The next day we found a pot, as you will see in the pictures below, and tested it. Outside of the pot we couldn’t load the page http://speedof.me which is a simple speed test website. Just a side note, I have never understood why http://speedtest.net thought it was a good idea to fill their page with heavy flash scripts to just do a speed test. If you are doing a speed test it is likely that you don’t have much speed in the first place…..why therefore make the page full of unnecessary data. Seems really stupid.

Junior (left) and Betty (right) testing out the net. You can see the modem in a cooking pot. This was one of our best locations.  As Murphy would have it, it is in the most inconvenient place.
Inside the pot, at the very back of the room, we got 0.03 Mbps speed on average. This was after about 3 tests. Our best location gave us 0.13 Mbps and we were able to stream bits of YouTube video. Junior was very happy to see his favorite music video playing.

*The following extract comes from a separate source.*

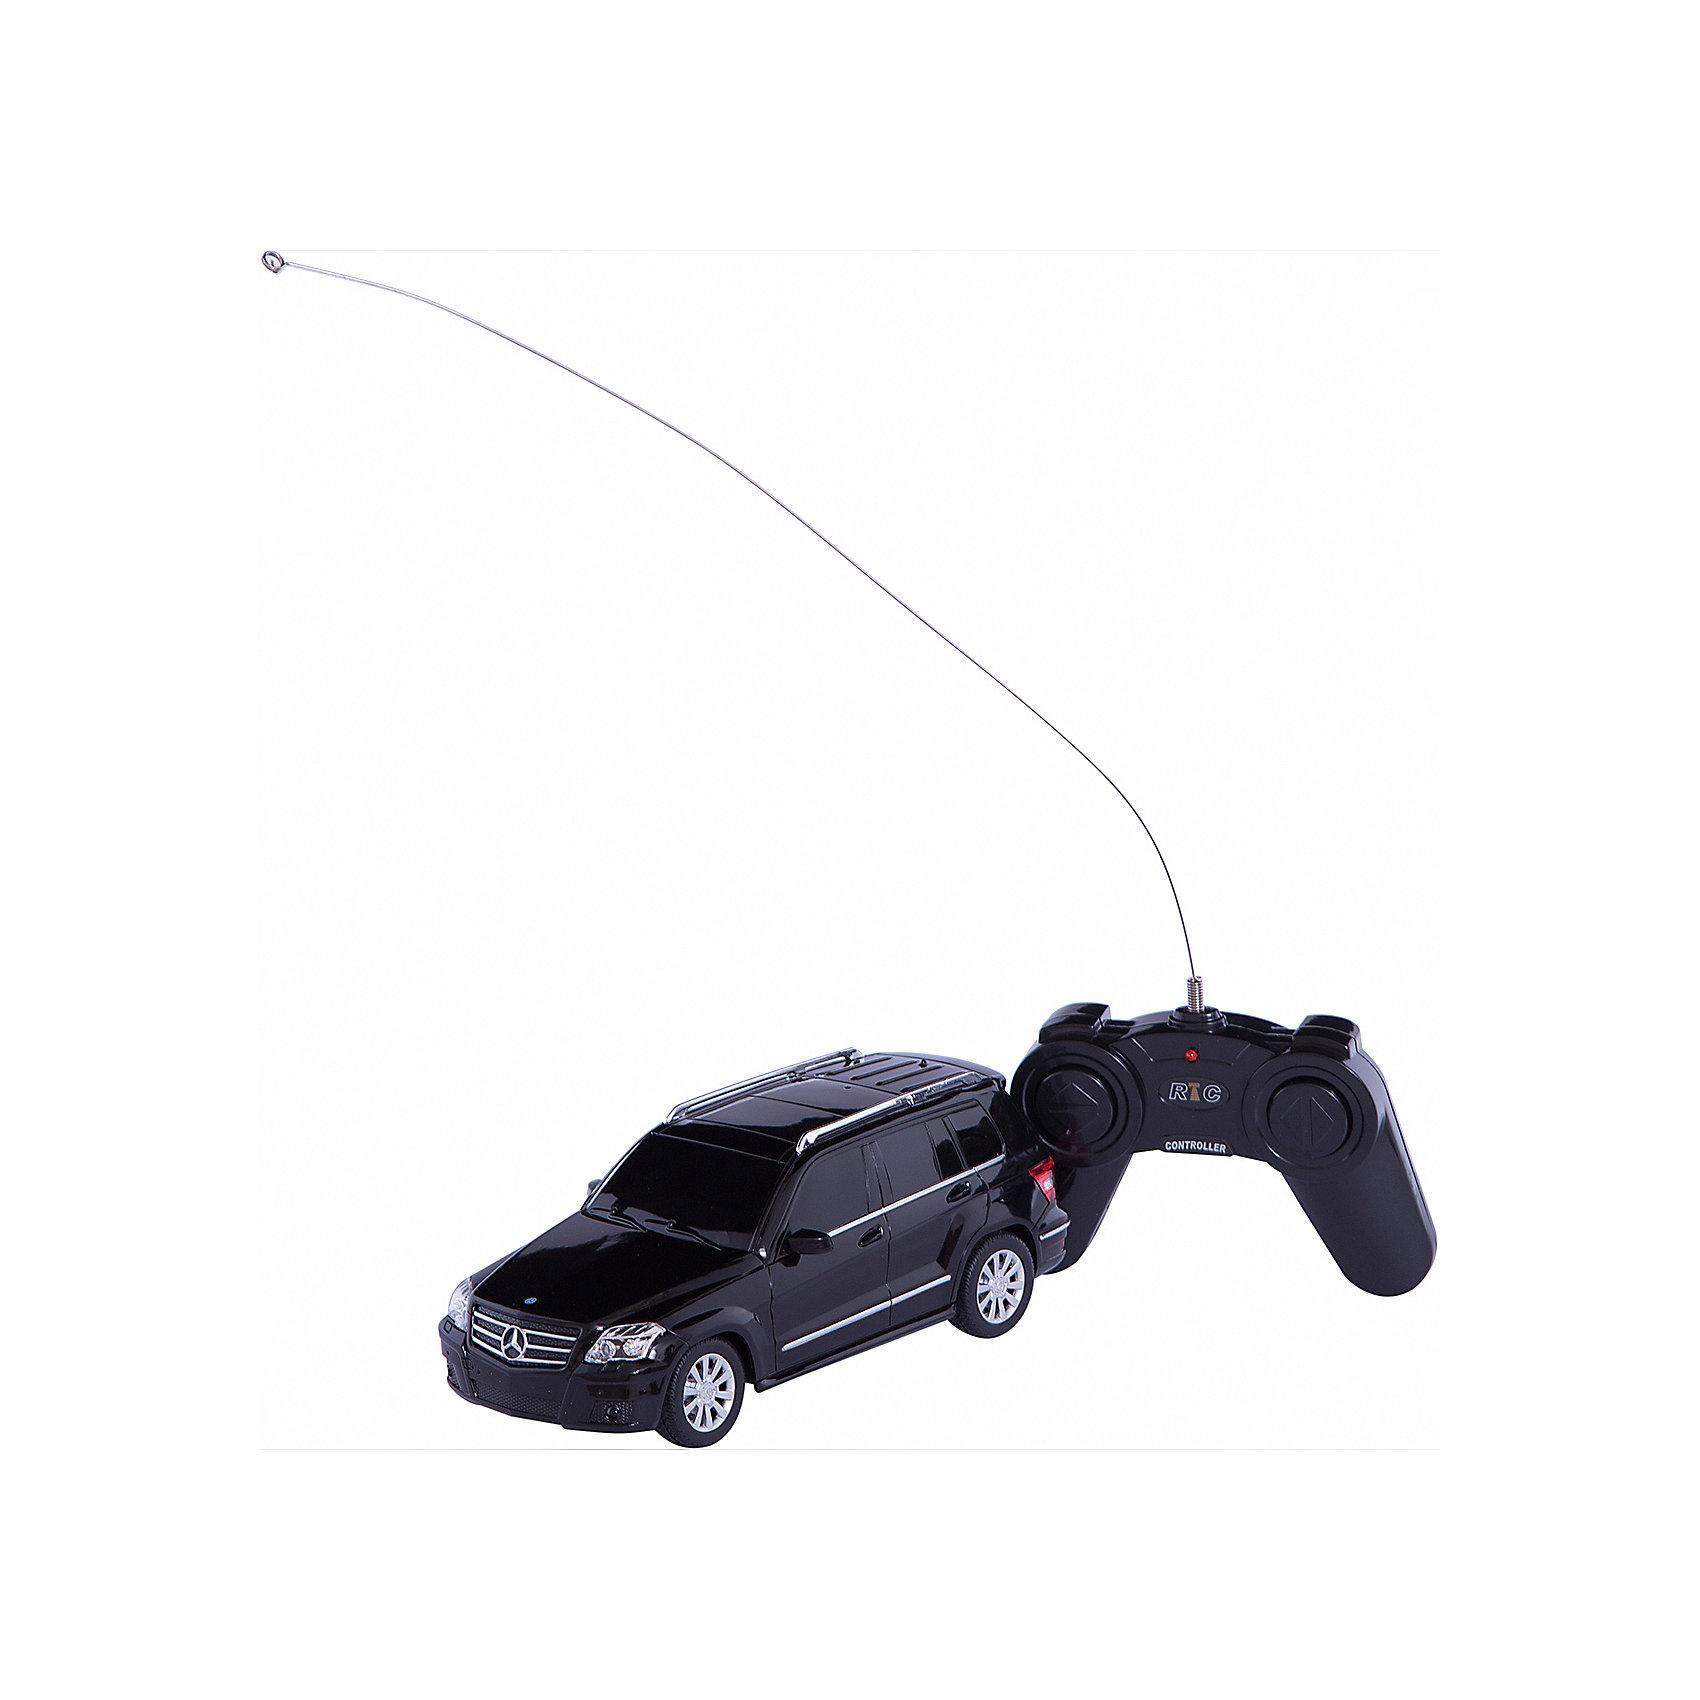 RASTAR Радиоуправляемая машина Mercedes GLK 1:24, в ассортиментеКоллекционные модели<br>RASTAR Радиоуправляемая машина Mercedes GLK 1:24, в ассортименте - игрушка, которая наверняка приведет в восторг вашего ребенка, ведь эта радиоуправляемая машина - уменьшенная копия настоящего Мерседеса! <br><br>Модель выполнена в масштабе 1: 24.<br><br>Особенности игрушки:<br><br>- Работает на частоте: 27MHz; <br>- Движение вперед, назад, вправо, влево; <br>- Контроль управления: 15 - 45 метров; <br>- Развивает скорость до: 7 км/ч; <br>- Светятся фары. <br><br><br>Дополнительная информация:<br><br><br>- Размер игрушки: 20х7,6х8,1 см.<br>- Для работы требуются батарейки: 5 Х АА (не входят в комплект).<br>- Материалы: пластик.<br>- Размер упаковки: 28,5х14х12 см.<br>- Вес: 430 г.<br>ВНИМАНИЕ! Данный товар представлен в ассортименте и отличается цветовым исполнением (варианты цветового исполнения - черный, серебристый и белый). Предварительный выбор определенного цветового исполнения артикула, к сожалению, невозможен. При заказе нескольких единиц данного товара, возможно получение одинаковых.<br><br>Ширина мм: 285<br>Глубина мм: 140<br>Высота мм: 120<br>Вес г: 430<br>Возраст от месяцев: 72<br>Возраст до месяцев: 1188<br>Пол: Мужской<br>Возраст: Детский<br>SKU: 2557178

I told them to just keep experimenting. Use different sized pots, place the modem in different places in the pot and place the pot in different places at different angles. It will just be a lot of trial and error but I think their internet may just become useable. This is a pretty cool service for them. The closest internet for the surrounding villages is in Kalisizo, and even then it barely works there.

Here you can see all three computers. The router is on top of the monitor.

Two coffee farmers which wandered into the shop got to see the Wikipedia page for coffee for the first time ever.

They also found an article about Ugandan coffee exports going up 7% in the last year.

More internet!

Now that internet is at Lwemodde it will be easy for them to contact Lydia and myself about questions they have or simply research the answers themselves. They still want something to help them learn to type rapidly and so I will work on something which doesn’t use the internet for that. I was thinking of just coding something simple in JavaScript which will run in the browser. That will allow for basic graphics and it should function on all three computers. I can attach the HTML page in an email and they can load it on each computer.